Author: Alex Thompson

Alcohol use disorder Symptoms and causes

Teenage Alcohol Abuse

Alcohol use disorder is a pattern of alcohol use that involves problems controlling your drinking, being preoccupied with alcohol or continuing to use alcohol even when it causes problems. This disorder also involves having to drink more to get the same effect or having withdrawal symptoms when you rapidly decrease or stop drinking. Alcohol use disorder includes a level of drinking that’s sometimes called alcoholism. Since they know they’re not allowed to drink, teen alcohol abuse tends to be wrapped in a thick layer of secrecy.

Teenage Alcohol Abuse

Given the loss of inhibitions, teen drinking often results in incredibly dangerous behavioral patterns that seem crazy in retrospect. For example, drunk teens jump off balconies and break their bones, drag race down Main Street and get busted by the cops, and climb into cars with a stranger and get physically abused and even murdered. Although binge drinking can have negative health consequences, not all people who binge drink are necessarily addicted to alcohol. Without treatment, youth who drink excessively as teenagers are more likely to become problem drinkers than adults. As a result, you also need to know the warning signs of underage drinking.

Teen Alcohol Abuse Leads to Teen Binge Drinking

For example, teen drinking can delay physical maturity in girls, leading to endocrine disorders during puberty. Indeed, adolescent alcohol abuse can result in permanent damage. Unhealthy alcohol use includes any alcohol use that puts your health or safety at risk or causes other alcohol-related problems. It also includes binge drinking — a pattern of drinking where a male has five or more drinks within two hours or a female has at least four drinks within two hours. Hence, parents need to push aside the first casual reaction and adopt a more informed response. A knowledgeable response to teen alcohol abuse includes prevention through education and treatment options when needed, which ultimately means saving lives by getting teenagers back on track.

  1. The widespread changes in the organization and functioning of the brain—which continue into a person’s mid-20s—bring about the cognitive, emotional, and social skills necessary for adolescents to survive and thrive.
  2. It also allows adolescents to ask questions of a knowledgeable adult.
  3. In the past, binge drinking meant drinking heavily over several days.

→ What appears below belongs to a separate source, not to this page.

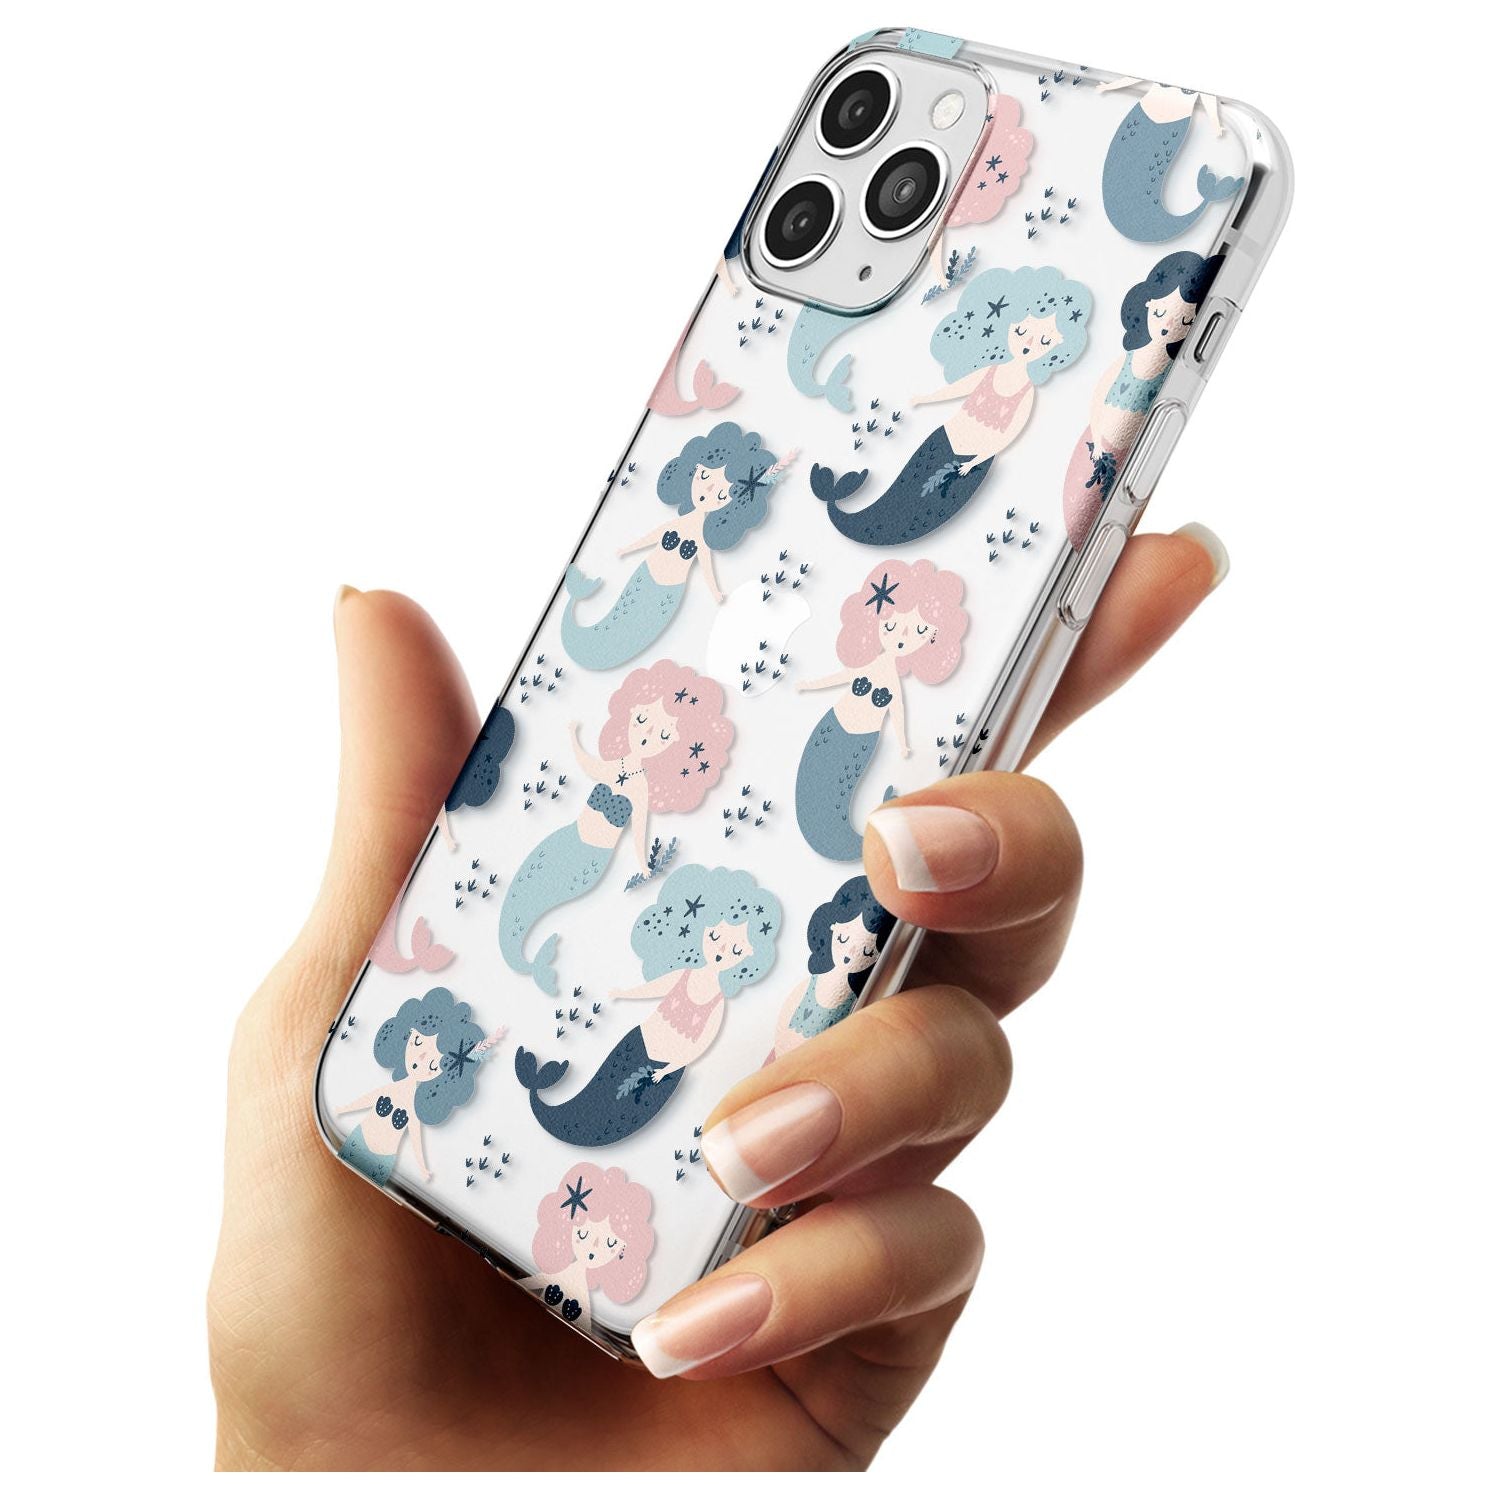 Mermaid Vibes Slim TPU Phone Case for iPhone 11 Pro Max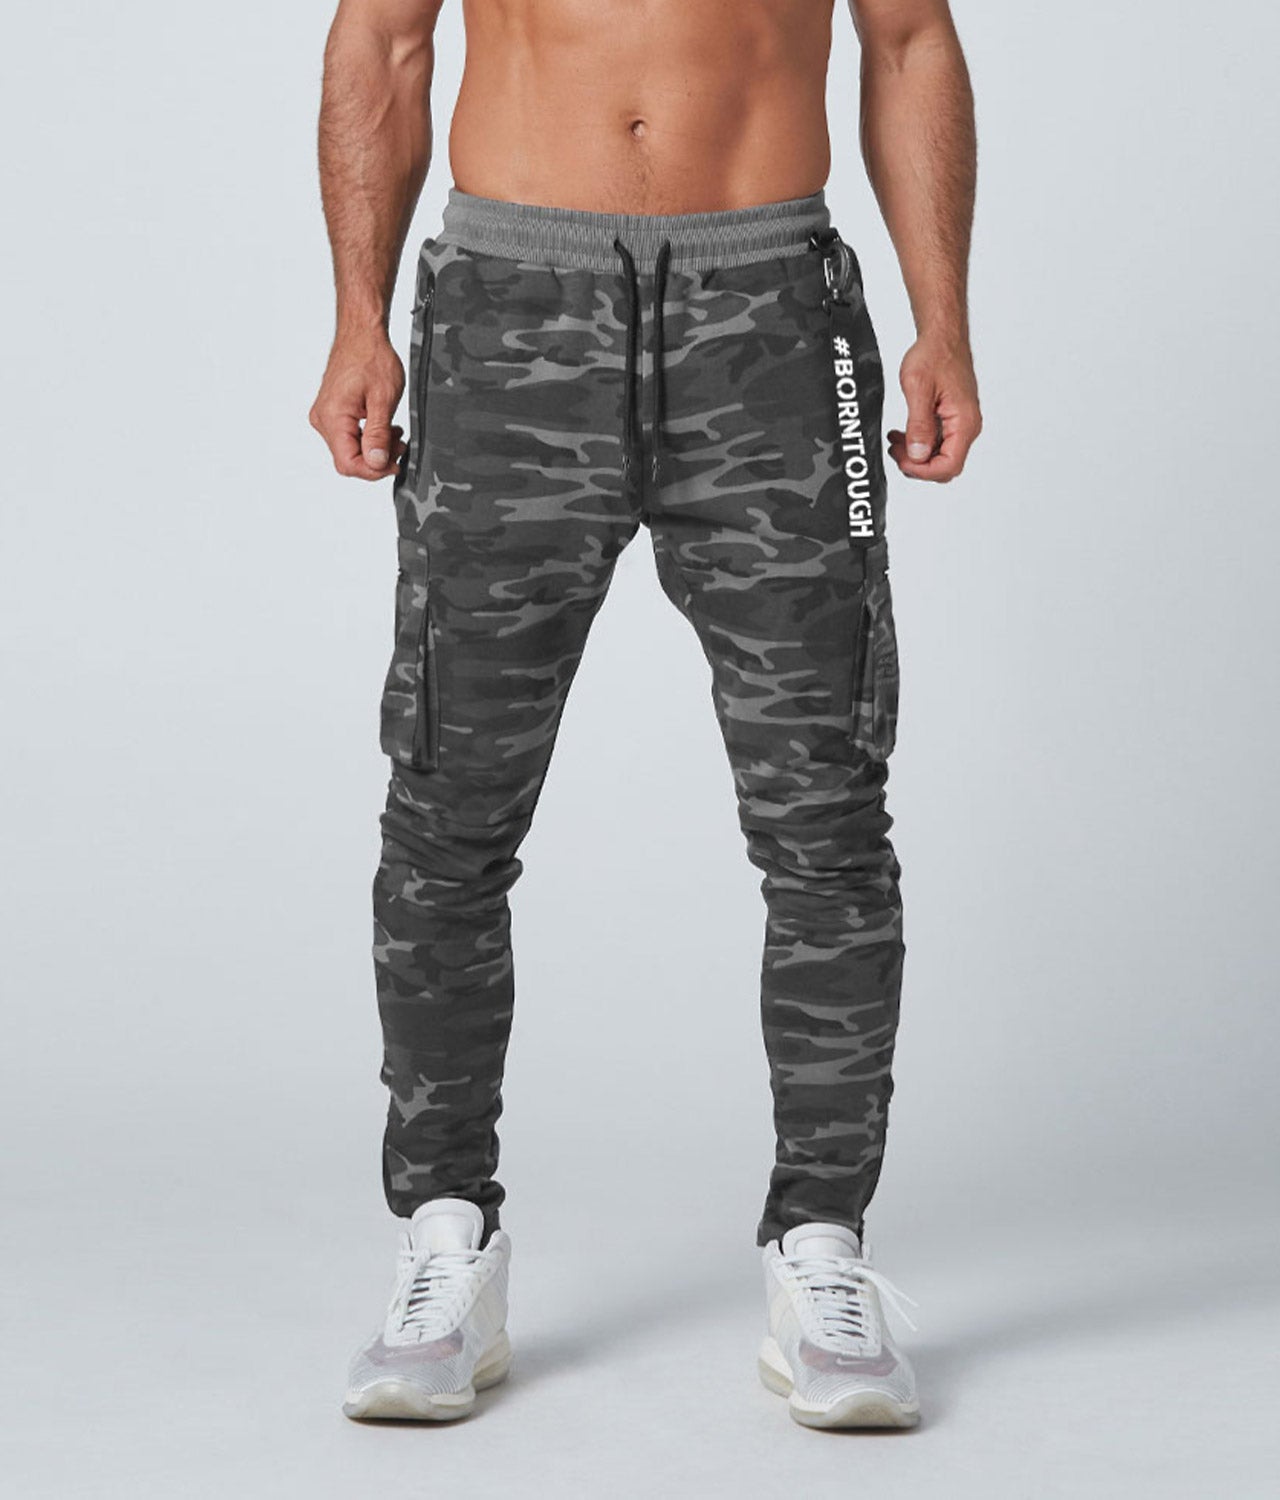 Born Tough Slim Fit Gym Workout Cargo Jogger Pants For Men Grey Camo -  Elite Sports

Such denial, however, needs to be replaced with awareness and proactive steps. Facts about the societal risk factors for adolescent alcoholism include peer pressure and the portrayal of teen drinking in the media. For example, research demonstrates that the Internet and advertising, including that which occurs on social media, promote drinking behaviors in teenagers. The first stage involves access to alcohol rather than the use of alcohol, tobacco, inhalants, or other drugs. In that stage, minimizing the risk factors that make a teenager more vulnerable to using alcohol is an issue. The second stage of alcohol and other drug use ranges from experimentation or occasional use to regular weekly use of alcohol, tobacco, inhalants, or other drugs.

How can parents prevent teen’s alcohol use?

The third stage involves a youth further increasing the frequency of alcohol use and/or using alcohol and other drugs on a regular basis. This stage may also include the teenager buying alcohol or other drugs or stealing to get their drug of choice. The final and most serious fifth stage of alcohol or other drug use involves the youth only feeling normal when they are using. During this stage, risk-taking behaviors like stealing, engaging in physical fights or driving under the influence of alcohol increase, and they become most vulnerable to having suicidal thoughts.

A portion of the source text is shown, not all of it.